Credential-like metadata keys include password, username, domain, token,
private key, client secret, credential, credentials, secret, and common
underscore/hyphen variants.
## Data Plane Trust
Already accepted:
- backend signs `data_plane_token` with RS256 private key
- worker validates with public key only
- token is short-lived
- token includes session, attachment, user, organization, worker, resource,
allowed channels, expiry, and jti
- worker rejects wrong worker, wrong attachment, wrong organization, wrong
resource, over-broad channels, failed/terminated sessions, and jti replay
Production still needed for that stage:
- deployed certificate chain for the historical direct-worker WSS path on
production nodes
- pinned or platform-issued worker certificates in live production config for
that historical path
- no smoke-only TLS bypass in production clients
- rotation process for data-plane signing keys
- audit for failed token validation/bind attempts
P3.2 historical guard exists:
- backend distinguished `smoke_insecure`, `public_ca`, and `platform_ca`
direct-worker trust modes for the historical RDP path
- production backend omitted smoke-only direct candidates on that path
- Windows production client skipped untrusted or smoke-only direct candidates
P3.3 historical test-stand smoke exists:
- `resource_secrets` migration is applied on `docker-test`
- backend runs as `APP_ENV=production` with a test-only
`SECRET_ENCRYPTION_KEY_FILE`
- a secret-backed RDP resource starts a real session through assignment-time
secret resolution
- `resources.metadata`, `remote_sessions.metadata`, and `audit_events` were
checked for plaintext username/password leakage
- production backend with `DATA_PLANE_DIRECT_WORKER_TLS_TRUST_MODE=smoke_insecure`
returned the historical backend gateway debug path only
- development/smoke backend with the same trust mode advertises the explicit
smoke-only historical direct-worker candidate
- `RAP_Transfers` smoke passed on the secret-backed resource
## Required Regression Tests
P3 must protect:
- plaintext resource credentials rejected in production
- RDP production resources require `secret_ref`
- development smoke plaintext metadata remains allowed
- data-plane allowed channels follow runtime policy
- direct bind rejects wrong worker
- direct bind rejects wrong user
- direct bind rejects wrong organization
- direct bind rejects wrong resource
- direct bind rejects old attachment
- direct bind rejects failed/terminated states
## Audit Events
Current audit coverage should remain for:
- session start
- attach
- detach
- takeover
- terminate
- failure
Future audit coverage should add:
- secret deleted
- production resource rejected because plaintext credential metadata was found
Audit entries must reference `secret_ref` and resource/session ids, never
plaintext secret values.
P3.1 implemented audit events for:
- `resource_secret_rotated`
- `resource_secret_accessed`
- `resource_secret_access_denied`
## Remaining Production Gaps
- External KMS/Vault integration is not implemented yet.
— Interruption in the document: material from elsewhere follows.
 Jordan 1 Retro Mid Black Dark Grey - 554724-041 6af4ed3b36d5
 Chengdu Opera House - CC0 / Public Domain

- Master-key rotation/re-encryption workflow is not implemented yet.
- The worker still receives resolved credentials through the transient
assignment payload; a future resolver pull/token flow should reduce exposure
in Redis control queues.
- Worker still depends on plaintext assignment metadata for development smoke.
- Production certificate issuance/rotation and platform CA distribution for the
historical direct-worker path are not complete.
- The test-stand secret key is a host-local test file, not a production KMS or
HSM-backed key.
- Automated end-to-end policy denial coverage is still thin.